MCP Primer

What is Model Context Protocol (MCP)?

MCP is an open protocol that standardizes how AI systems connect to external tools and data. Instead of rebuilding custom connectors for every model-tool pair, teams expose capabilities through MCP servers and reuse them across compatible clients.

Standardized Interface

MCP defines a shared interface for AI clients to connect with tools, resources, and prompts without one-off integration glue.

Safer Access Boundaries

Server-side capability boundaries let teams control what a model can read or execute, instead of exposing unrestricted APIs.

Portable Integrations

Build once as an MCP server, then reuse across MCP-capable clients and internal agents with less lock-in.

How MCPHERE uses MCP

MCPHERE is not just a definition page. It is an ecosystem intelligence layer on top of MCP servers: helping teams discover what exists, validate what is integration-ready, and operate continuously with durable decision signals.

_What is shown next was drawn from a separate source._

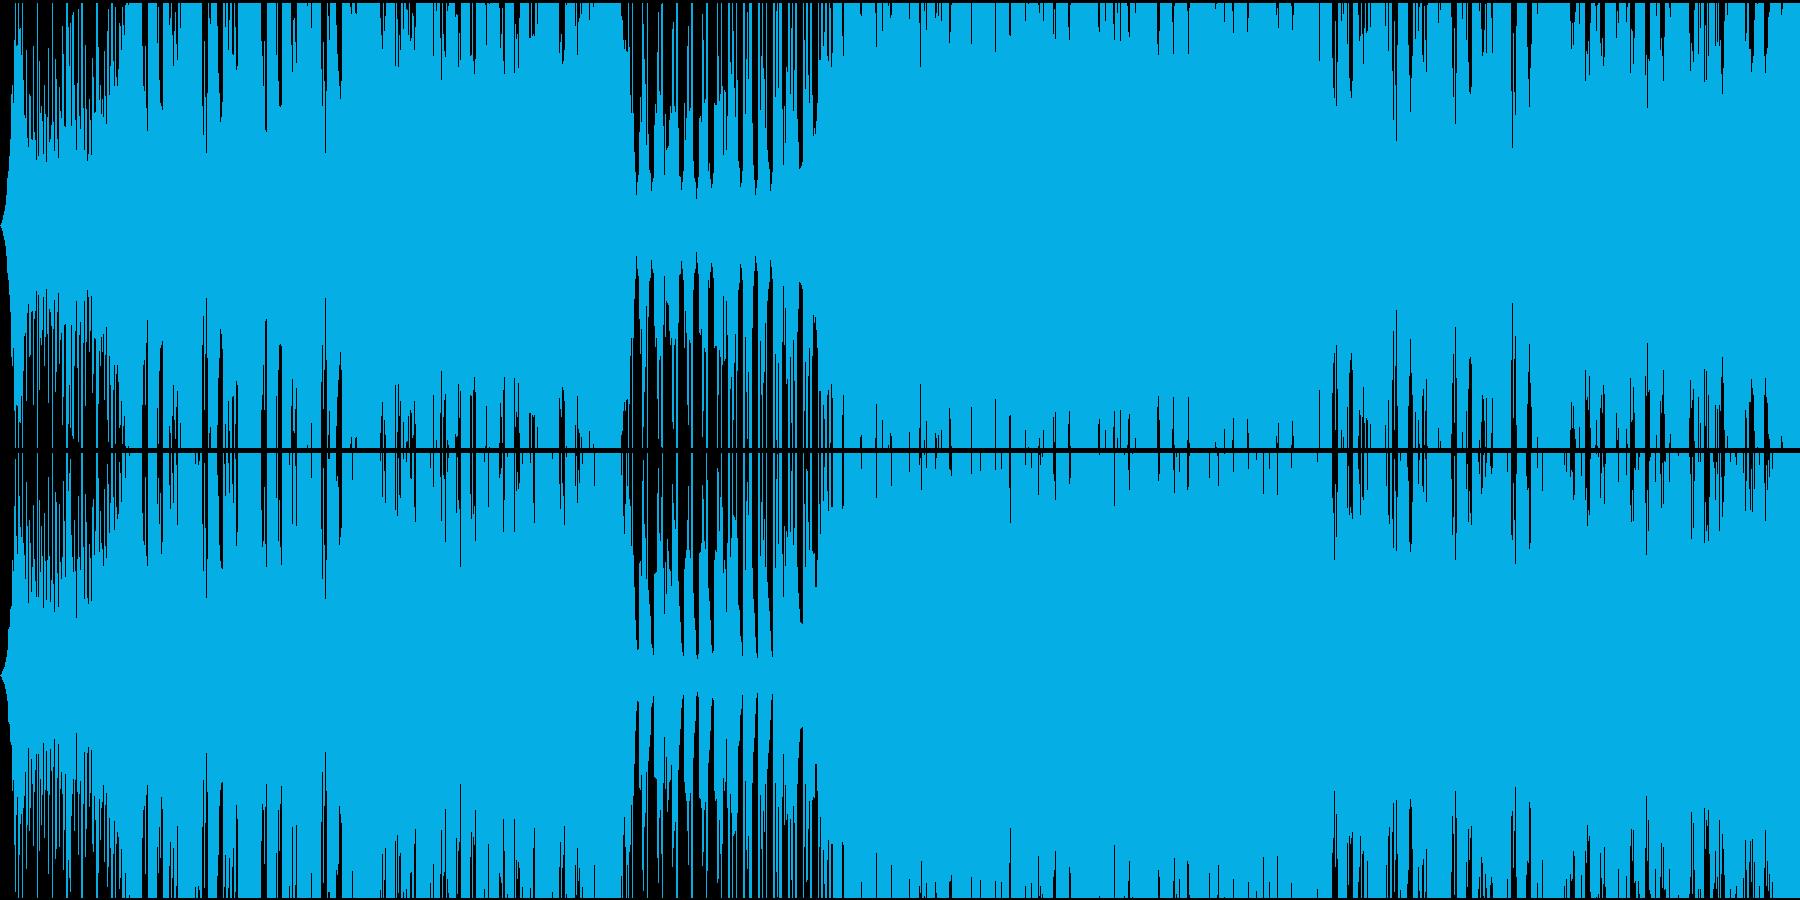 不思議系future bassの再生済みの波形

  • Discovery: index and normalize published MCP servers.
  • Validation: score candidates with Quality, Momentum, and Health.
  • Operation: monitor protocol movement with watchlists, alerts, and weekly briefings.

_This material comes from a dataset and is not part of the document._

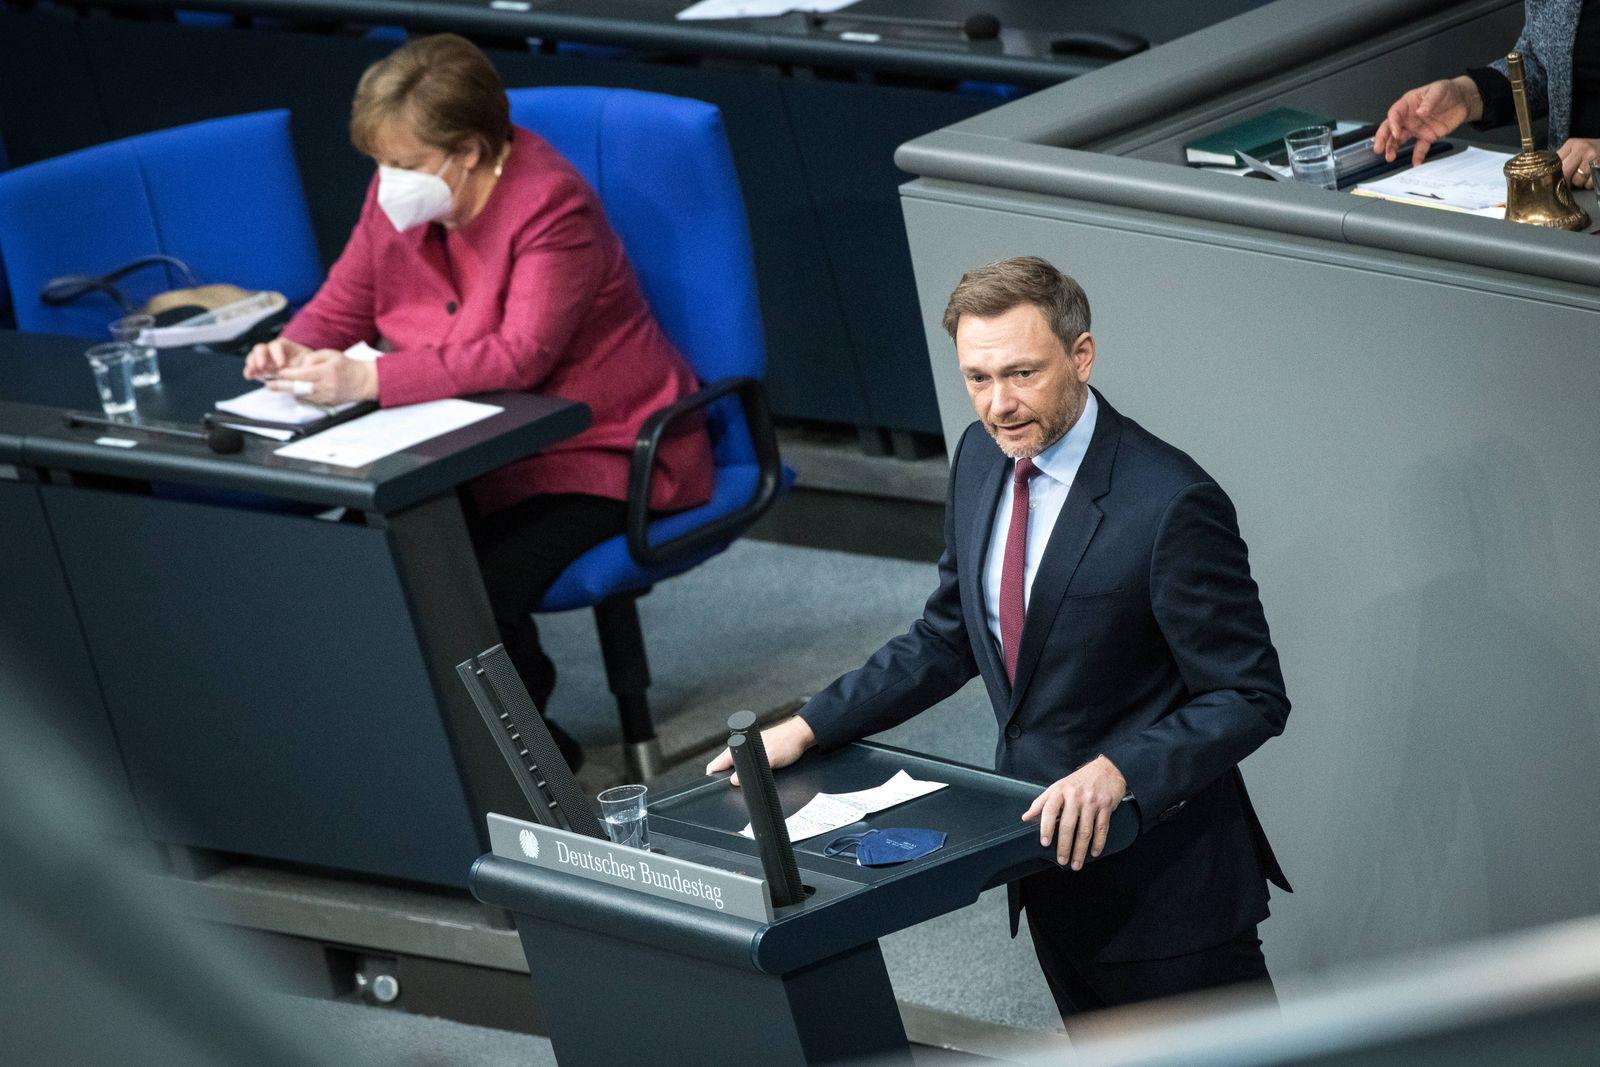 Bundeskanzlerin Angela Merkel (CDU) und der Bundesvorsitzende der FDP, Christian Lindner, am 16. April 2021 im Bundestag

How MCP Works in Practice?

MCP uses a client-server model: an AI application acts as the client, while each MCP server exposes tools, resources, and prompts in a structured, schema-readable way. The result is less custom integration glue, clearer permission boundaries, and more portable agent workflows.

AI clients

Claude, internal copilots, and agent runtimes can all speak one standard instead of bespoke adapters.

MCP servers

Each server packages a system capability such as GitHub, Slack, databases, files, or internal tools.

Schemas and boundaries

Tool definitions and resource schemas make capability discovery and authorization more explicit.

Simple MCP architecture diagram
MCP reduces one-off integration overhead and inserts a standard layer between AI applications and external systems.

Why teams care

DimensionTraditional integrationMCP
Integration modelCustom code per serviceShared protocol and reusable server interfaces
Tool discoveryDocs-first, manual wiringSchema-described, agent-readable capabilities
Access controlApp-specific permissions and glueClearer server-side boundaries and approval surfaces

This is why MCP is often described as a “USB-C for AI tools”: one standard, many compatible surfaces, and less reinvention per integration.

History and adoption

  • Late 2024: Anthropic introduced MCP as an open protocol for AI integrations.
  • 2025: More teams began publishing MCP servers for common systems and internal tools.
  • Now: MCP is moving from experimentation toward operational infrastructure for agent workflows.